Vice President Joseph Biden implored Hollywood and Los Angeles donors on Saturday to boost Sen. Barbara Boxer's war chest, signaling a potentially contentious reelection race and difficult year for all Democrats facing the midterms.

Appearing at a fund-raiser at the historic Green Acres estate owned by Ron Burkle, Biden cited Boxer's support of the Obama administration's recovery and economic plan — parts of which were not popular with liberals and populists in addition to the opposition from Republicans.

"You are sophisticated people, but it is counterintuitive to tell
people in the midst of a gigantic deficit that you are going to spend
another $787 billion, that you are going to give banks over a trillion
dollars," Biden said. "Well, ladies and gentlemen, Barbara stepped up."

He also suggested Boxer's ability to speak to the party's progressive wing was a reason that she can inherit the legacy of late senator Ted Kennedy.

"It's like that old joke, only Nixon can go to China. Only Teddy Kennedy could broker a compromise by telling the left of the left we may have to give up something to get there because we can't go home empty handed," Biden said, holding a microphone as he paced by a pool among the donors, occasionally shaking hands. "Barbara Boxer, because of her status not just in California but around the country [as] being an unimpeachable liberal, was able to say on these tough votes, to her liberal colleagues, 'You got to do this,' and then give them a reason why."

He also said, "This is not 'Vote for Barbara' because she is a beautiful version of a 1960s and 70s progressive hippie person who is liberal love peace and brotherhood. This is one hard baked senator who knows what the hell she is talking about."

About $500,000 was raised at the event, organizers say. It was chaired by Sim and Debra Farar, Ruth Singer, Burkle and Mickey Meyers. Carole King, who had crutches after recently breaking her ankle, sang three songs, including "You've Got a Friend," before Boxer and Biden took the podium. Guests paid $1,000 each to attend the event, and those who contributed $5,000 were invited to attend a luncheon that included Magic Johnson and Derek Fisher. Los Angeles Sheriff Lee Baca and former California governor Gray Davis also attended.

Although Boxer sailed to easy reelection in 2004, she faces a potentially well-financed challenger in former Hewlett Packard chief Carly Fiorina, who is exploring a bid for the seat. 

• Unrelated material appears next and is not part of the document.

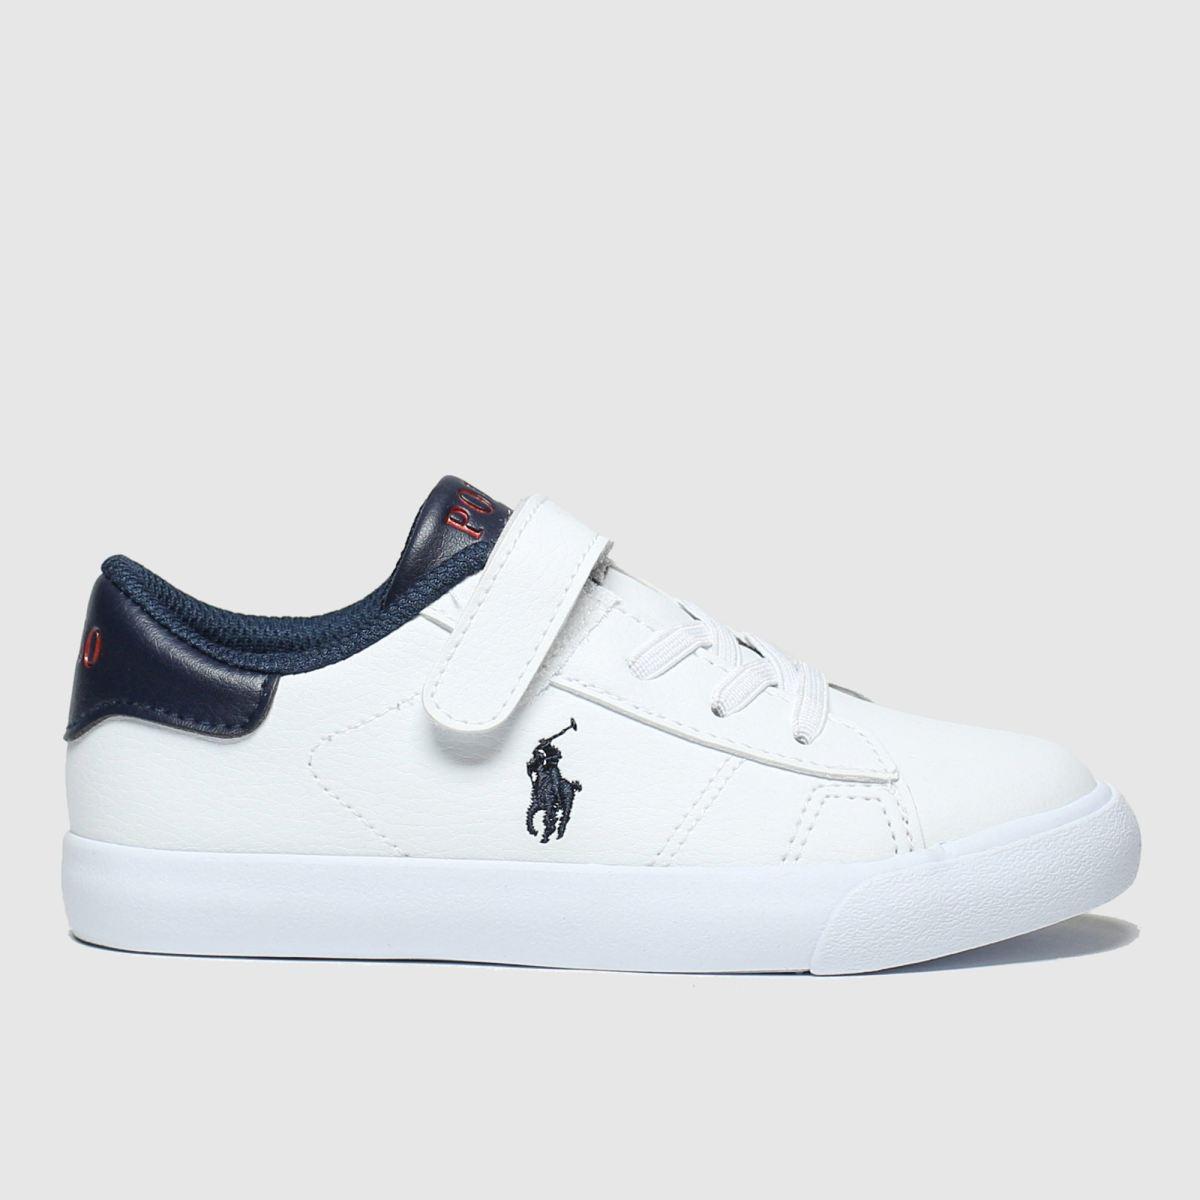 Polo Ralph Lauren White & Navy Pierce Ii Boots Toddler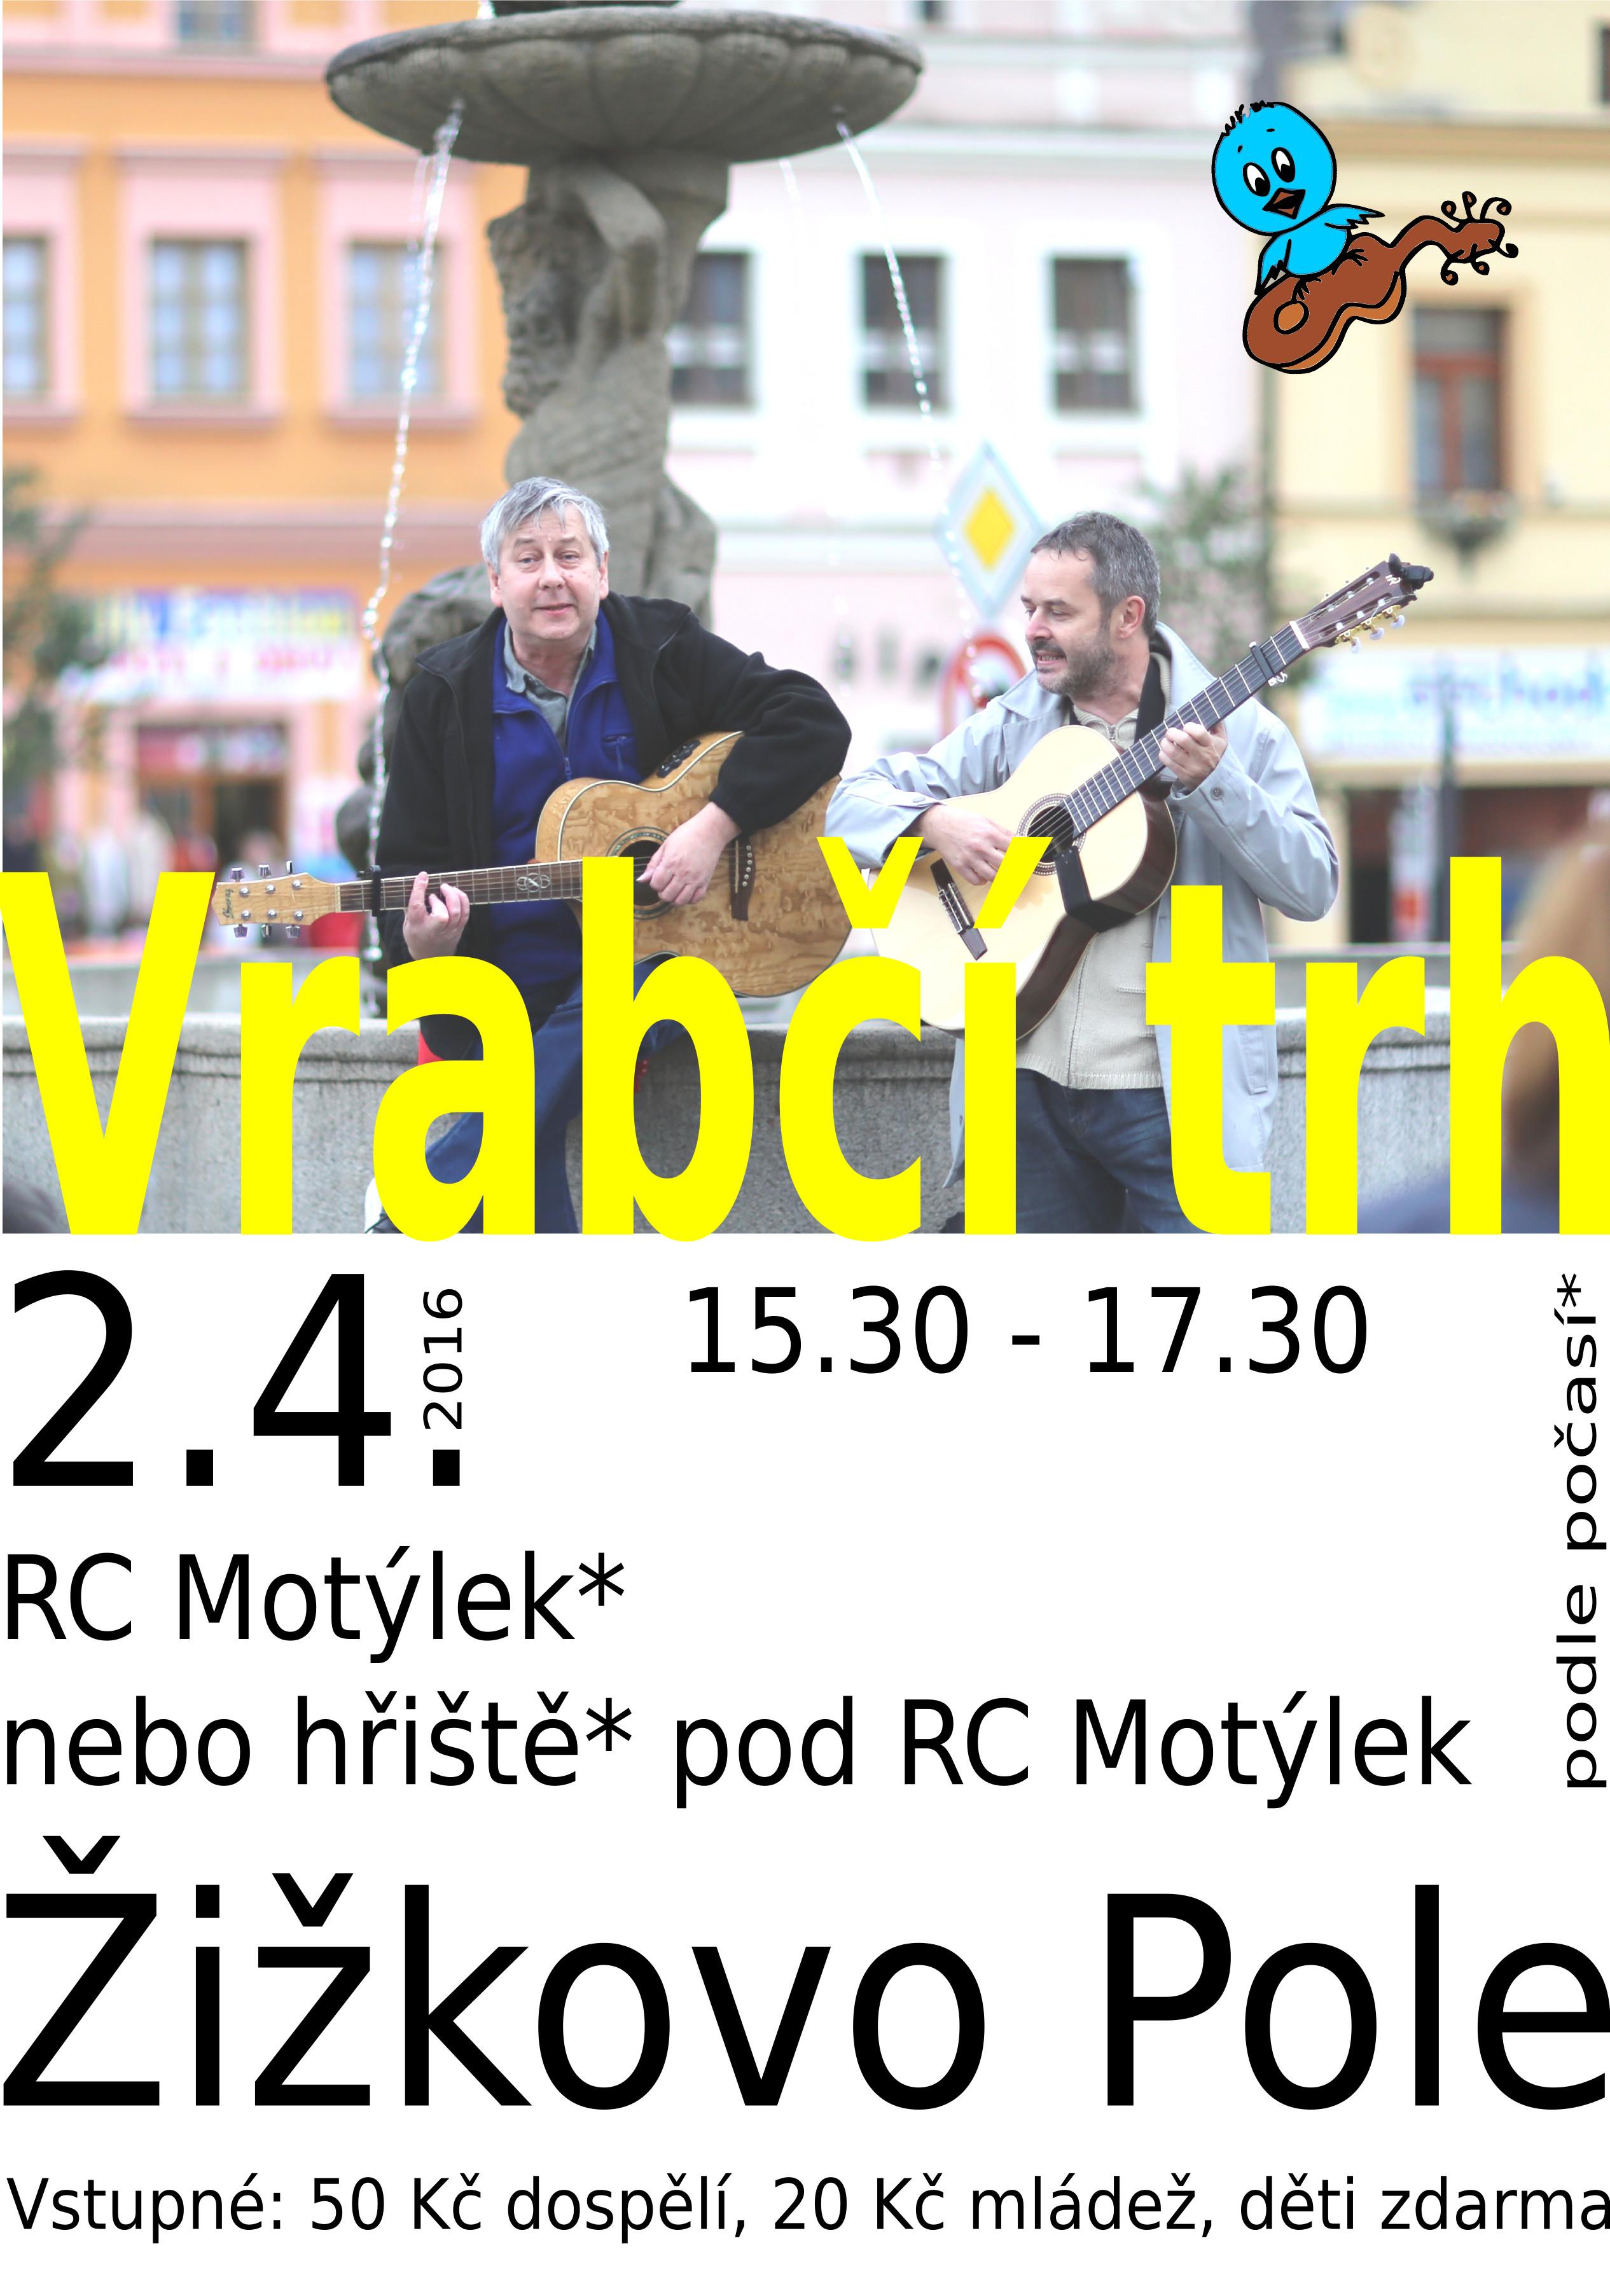 VT 2016 plakát Žižkovo Pole 140402

Fiorina is potentially formidable opposition because of name recognition and her ability to self-finance a race, something Biden alluded to in his 30-minute remarks.

"You have all been around long enough to know that Senate races are won
and lost by this November, the November before," Biden said. "Barbara
may face a self financer. Barbara may find herself in a position where
it is going to get harder before it is going to get easy."

Democrats have been slipping in midterm polls, particularly in the debate over aspects of healthcare legislation and continued high unemployment. Biden suggested that significant Republican gains would stymie their
agenda on energy, healthcare and education. noting that Democrats who remain in office or are reelected will get skittish
and think, "'Whoa, I am not going there next time. I got a bite out of that apple. I am not taking a chance."

As of June 30, Boxer has raised $8.3 million for the race and has $5.4 million in cash on hand, according to the Center for Responsive Politics. California Assemblyman Chuck Devore (R-Irvine), who has announced he is seeking the seat, has raised $377,930 and has $75,663 on hand.

Biden also highlighted progress of the stimulus package, noting that $28 billion has flowed into California and that the state would reap a total of $60 billion.

"Whether it would have been a depression, it sure as hell would have looked like one had we not made this investment," he said. "And guess what: the eight largest banks in America have paid back the money they owe."